1. Introduction
Mapping Earth’s surface and its rapid changes with remotely sensed data are a crucial task to help understand the impact of an increasingly urban world population on the environment. The information provided by urban scene classification and change maps are quite important for urban planners, environmental engineers, and decision makers in general. Land Use/Land Cover (LULC) classes are established categorical variables that represent the status of the Earth’s surface in a viable way. In the last couple decades, several studies have investigated the classification of urban scenes using remote sensing data. Remotely sensed data provides cheap, comprehensive, and easy to use source to map the location and the spatial extent of different LULC classes. With its rich information content, multispectral optical images have been used intensively for urban scene classification [
1,
2,
3,
4,
5,
6]. Unlike optical, radar images have lower spectral information content. Nevertheless, these images are not affected by atmospheric and solar illumination conditions. Several studies have shown the potential of these images in urban classification [
7,
8,
9,
10,
11,
12,
13]. The successful use of remote sensing data for urban scene classification depends on several considerations (e.g., image spatial resolution, acquisition time, spectral information, classification scheme, etc.). Another factor of crucial importance and that has strong impact on the classification accuracy, in general, is the input features and their quality. It is quite common to use the raw input spectral images (e.g., green, red, NIR, radar cross section, etc.), or/and product derived from these spectral bands (e.g., NDBI, NDVI, NDWI) as input features. Texture measures (e.g., GLCM texture) have also played important role in increasing the discrimination between different LULC classes [
14,
15]. Features that can be used for scene classification are not restricted to raw image spectral bands or products derived from them. Several studies have shown that combining features extracted from images acquired at different times could help significantly improving the classification accuracy [
11,
16,
17,
18,
19]. The basic idea is that despite the fact that some LULC classes would look very similar in one season/time, they tend to look quite different in another. By combining images acquired in different times, therefore, it is possible increase classes’ separability.
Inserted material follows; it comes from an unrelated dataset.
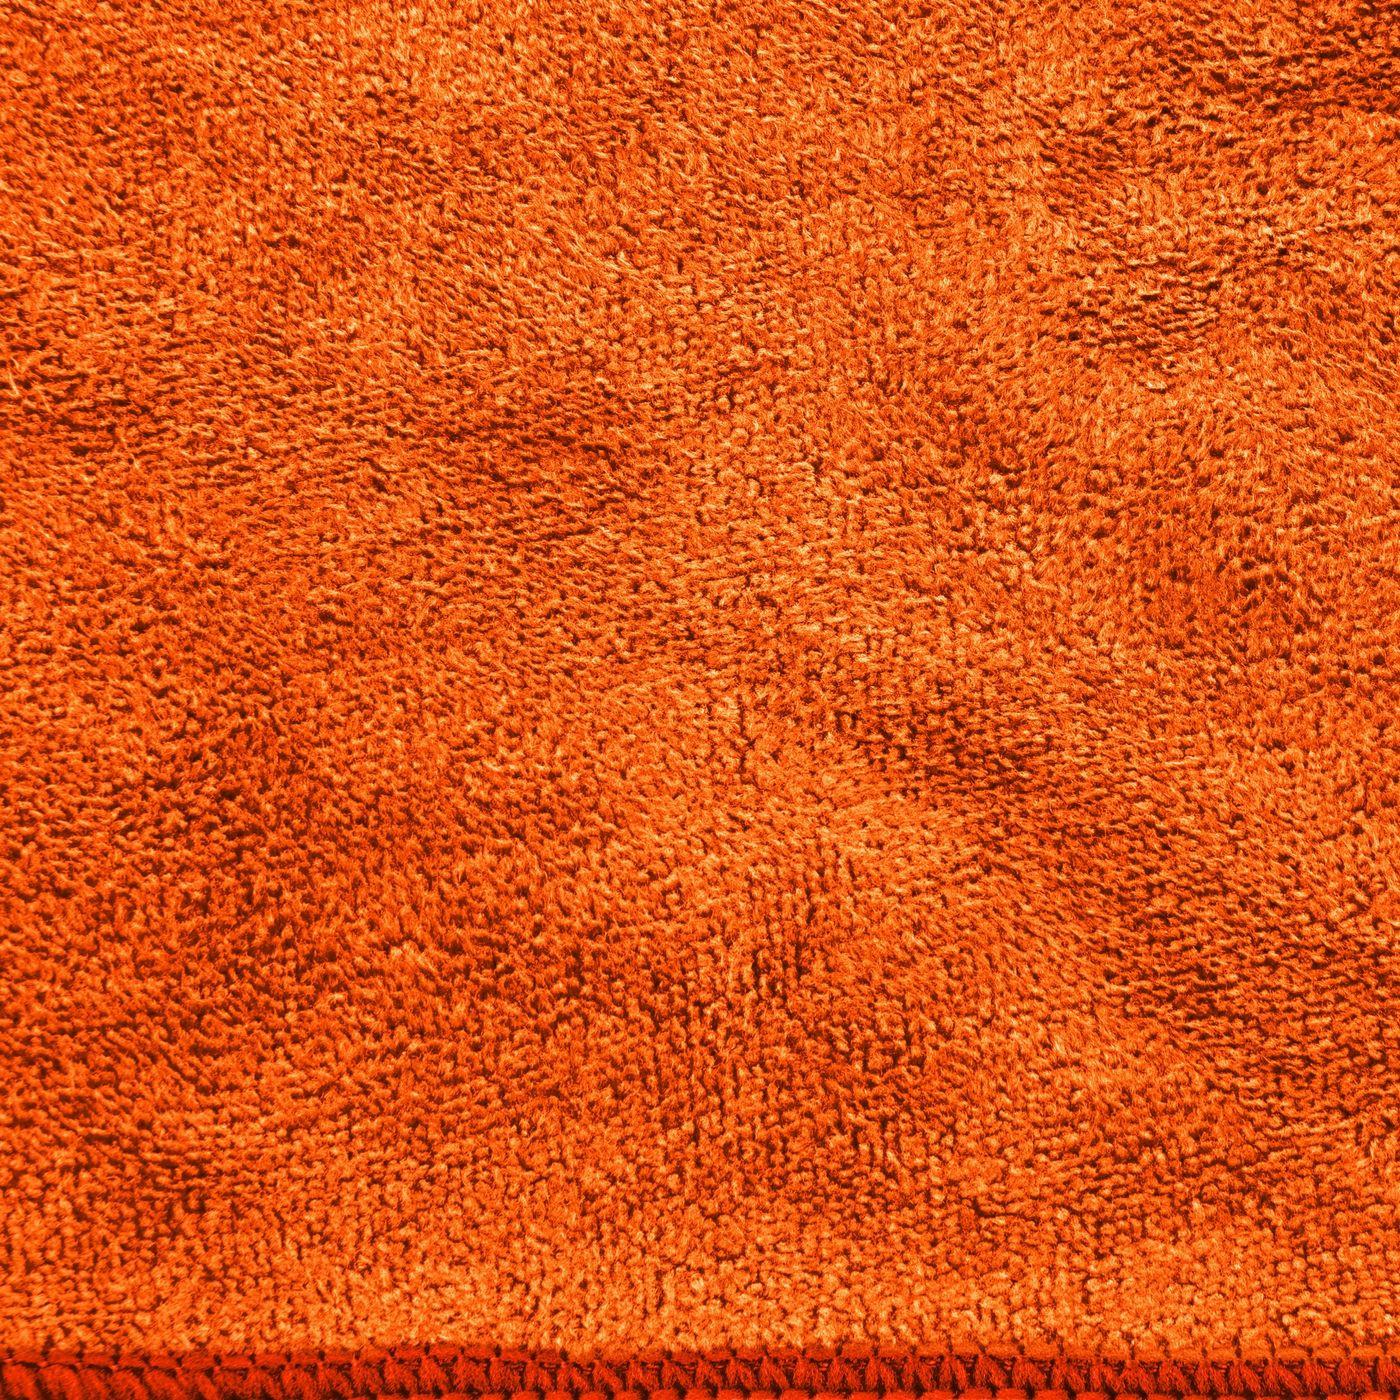 Ręcznik z mikrofibry szybkoschnący jasnopomarańczowy 70x140cm

Because of their different modalities, optical and SAR provide quite different information about earth surface. The response of earth surface materials to the short wavelength energy used by optical sensors depends to a high extent on the biochemical properties of the observed objects. Conversely, radar response is often associated with other factors such as objects geometrical properties (e.g., roughness), and its moisture content. It is therefore natural to think of SAR and optical images as complementary to each other [
20]. Several studies have investigated the possibility to improve classification accuracy through the fusion of SAR and optical images [
21,
22,
23]. Fusion can be carried out at the feature, pixel, or information level. The former approach consists of combining features extracted from different data sources into a one augmented feature vector; it can then be an input of any classification algorithm. Because of the simplicity involved, this approach has been the focus of several studies [
24,
25,
26,
27,
28]. In fact, the multitemporal image classification approach discussed in the previous section can be envisaged as a feature-level fusion technique; this approach was further extended by the fusion of multitemporal and multi-source features extracted from Radarsat-2 and QuickBird images for urban land-cover mapping [
29]. Despite the availability of a large selection of features that can be used for the classification task, most studies only consider a few of them. This could be attributed to the fact that in many cases features will be highly correlated, i.e., they contain redundant information. Including such features would serve nothing other than slowing down the classification process. Another reason is that features computation (e.g., GLCM textures) is time consuming and handling large dataset with many features is not easy in common image classification software [
30]. For this reason, the analyst faces the problem of selecting few out of hundredth of available features (e.g., spectral band, GLCM textures, and indices). Usually, expert knowledge is used to manually select a few, allegedly promising features, even though numerous algorithms exist that could perform the dimensionality reduction task automatically [
31,
32,
33,
34,
35,
36].
Dimensionality reduction is the process of simplifying the classification task by either transforming the original features to a representation in a set of lower dimensionality (feature extraction) or by removing redundant and irrelevant features (feature selection) [
37]. A well-known feature extraction method is principal component analysis (PCA) [
38]. It projects the input feature space to a new space in which feature will be uncorrelated. It also compresses (i.e., dimensionality reduction) the information into few output features that contain most of the information available in the original space. Unlike PCA, linear discriminant analysis (LDA) is a supervised feature extraction method that projects the input feature space in a way that maximizes the separation between the classes [
39]. With large representative training data, LDA is expected to outperform PCA since it takes samples classes into consideration [
40]. Feature selection methods can be grouped into three main categories: filters, wrappers, and embedded methods [
37,
41]. While filters rank features according to some predefined statistic and remove lowest ranking features, wrappers utilize learning machines to find the best performing subset of features. Embedded methods find optimal feature subsets during training and are integral parts of certain learning machines. In particular, filters are independent of the learning machine and they evaluate feature importance based on data characteristics [
42]. Univariate filters compute a feature’s quality individually, assuming independence between the features, while multivariate filters take possible dependencies into account and perform assessment in batches.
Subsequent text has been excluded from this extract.